In the 1960s, I believe you already mentioned, the Marxist revisionism outlined more of a
struggle between the classes, and maybe it took an approach that gave the lower classes
a little bit more their due.
Right.
I think just because somebody was a prominent leader doesn't mean they were a great person
necessarily.
Right.
Yeah, that was a huge radical change, especially compared to that age of consensus among historians.
The economic lens, Charles A. Beard, a historian, had a pretty radical idea that, hey, the Founding
Fathers were writing the Constitution to sort of look out for wealthy white dudes.
Yeah.
I think he's probably right.
Yeah.
Yeah.
He wrote that in, I think, 1913, and it took until the tumulti of the 60s before anybody
ever really championed it.
Tumulti?
I think that's right.
Really?
I am a descriptivist at the moment.
Not just tumult?
Yeah.
But doesn't tumulti roll off the tongue a little more?
Well, tumulti would be the adjective.
That was very tumulti.
No, that'd be tumulti-wiss.
I know.
That's my point.
Anyway, Beard's idea was that the framers of the Constitution said, hey, let's protect
ourselves, and the landowners who owed money to the framers basically led a revolution
in 1800 that was led by the election of Thomas Jefferson, and that's what we live in today.
But we may have had much more of an elite society, or basically we have an elite society.
Now we just would have had one for longer.

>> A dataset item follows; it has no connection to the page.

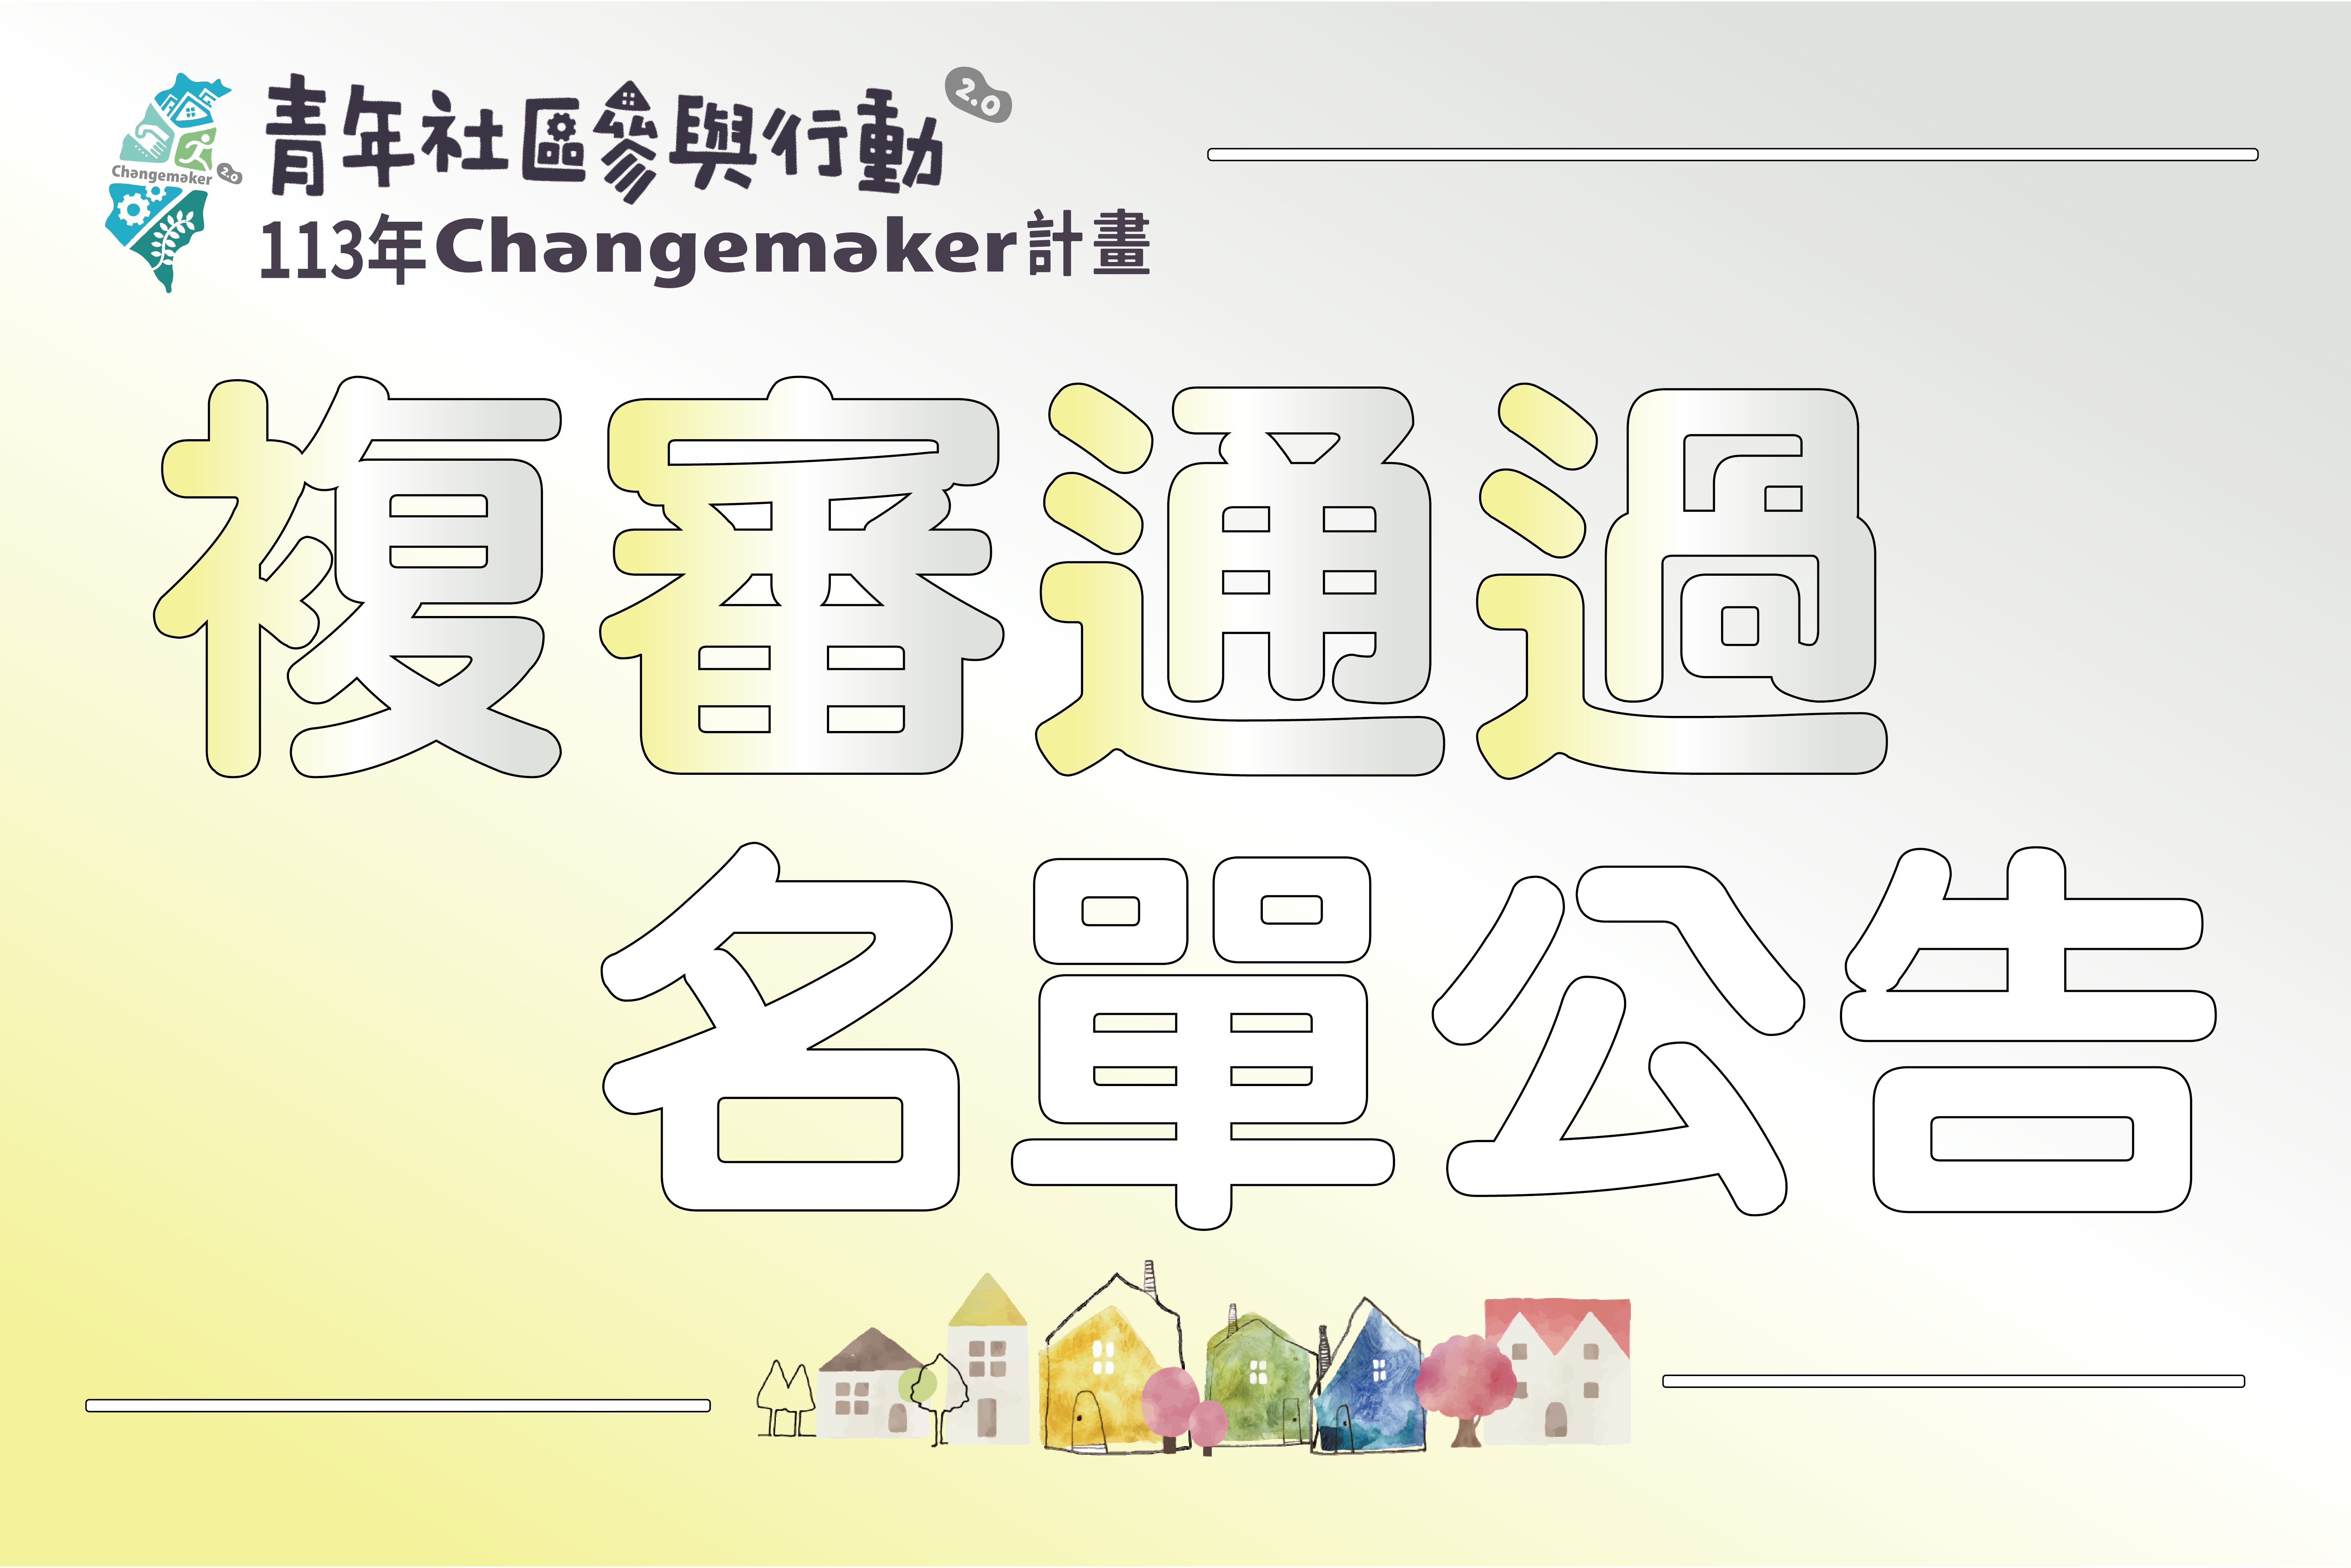 113年青年社區參與行動2.0 Changemaker計畫-複審通過名單圖示

So the racial ends obviously strove to cast a light on minorities a little more that were
largely ignored thanks to the civil rights movement against momentum.
I remember being in school and not learning about Malcolm X or Huey P. Newton.
Who?
Yeah.
I wasn't taught those things in classes.
Yeah.
In high school, I had to read about them on my own afterward.

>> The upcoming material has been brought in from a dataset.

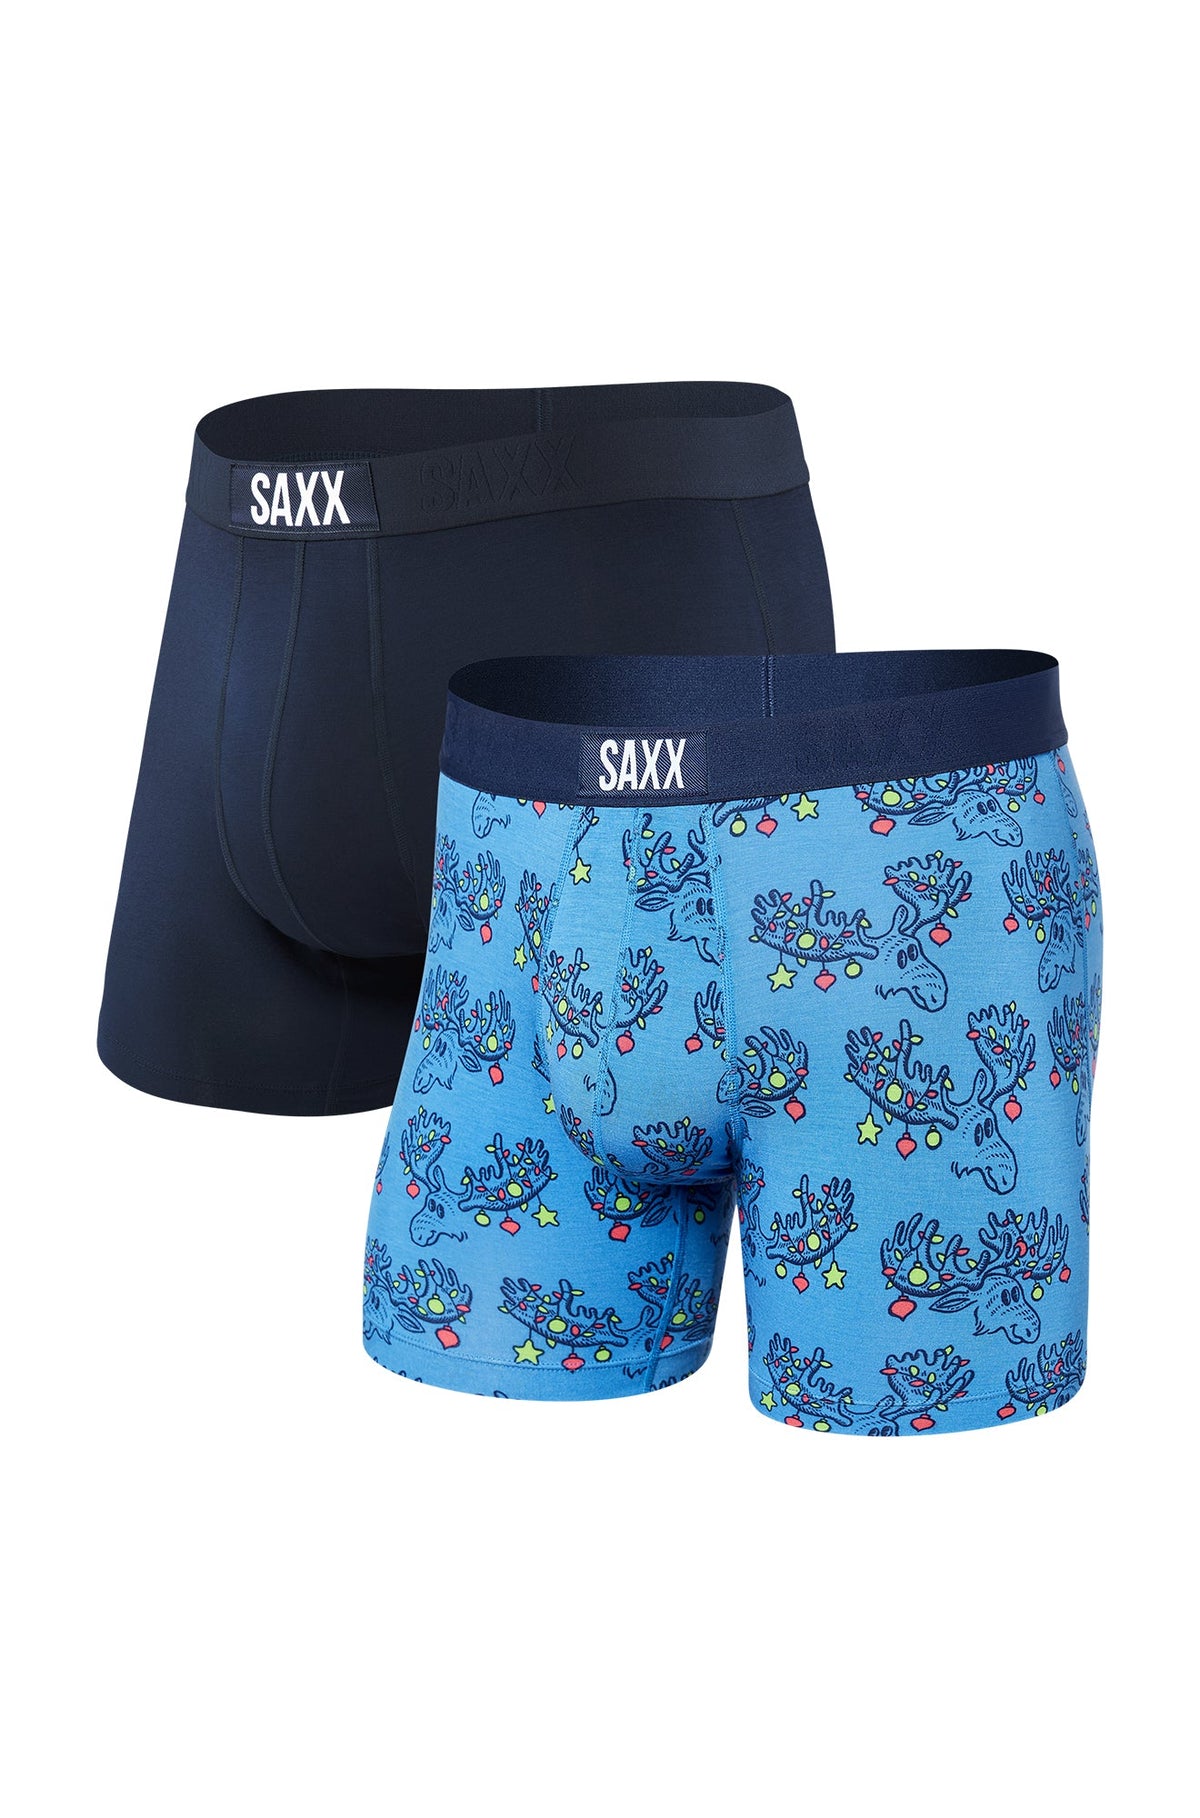 Sous-vêtement/boxer pour homme par Saxx | SXPP2V MON | Machemise.ca, vêtements mode pour hommes

College does a much better job, for sure.
Right.
I mean, this was a while ago for me, and this was in the 80s.
Do you remember being...
I'd like to think it's gotten a little better.
Do you remember when you learned, hopefully at least in high school, about the Native
Americans, the plight of Native Americans in the U.S.?
I don't remember, man.
I remember, ninth grade, finally taking a history class where they spoke frankly about
it.
Really?
Like your friend in Portland.
I don't remember getting to that.
I mean, just being blown because I was like, well, wait a minute.
What about everything I had learned the last eight years?
Like, oh, that's just total BS, like it completely is contradicted by what you're saying.
Not only was this stuff left out, I learned the opposite, you know, that they basically
just went away on their own because the white man came and they were like, oh, this place
is yours.
And I remember being in ninth grade, just learning this like, wow, that was a big eye
opener for me.
I think that's probably why I got into history, because I was like, this is pretty interesting
stuff.
You like there's more out there?
Sure.
I want to know the whole thing.
Under the racial lens, also now you could learn about dudes like the Tuskegee Airmen
or Japanese internment camps, which I never heard of until...
We did that episode on it?
Yeah, until three years ago.
But that raises another good point, Chuck.
With the Japanese internment camps, it wasn't in the history books before, and then it comes
out maybe in the 90s, I think, or it's put into the history books in the 90s.
And that kind of reflects why people struggle against revisionism, or some people do, because
history is ultimately zero sum, right?
If you put that in the history book, the Japanese Americans who were put into internment camps,
their plight is honored just through recognition.
This happened to you people, and now everybody knows about it.
But at the same time, the US government looks bad.
Yeah, and reparations are all of a sudden on the table, and they don't want that.
So it's impossible to shine a light on something, and it not have almost always, I can't think
of one instance, also a negative impact on something else.
Because what is history, again, if it's not somebody screwing somebody else over?
Is that all it is?
Yeah.
I mean, at least world history, political history.
Yeah.
And the final lens, of course, is the sexual lens, which shown a light on women, and said,
hey, history is not just about old white men.
There were a lot of ladies like Elizabeth Cady Stanton, and Sojourner Truth.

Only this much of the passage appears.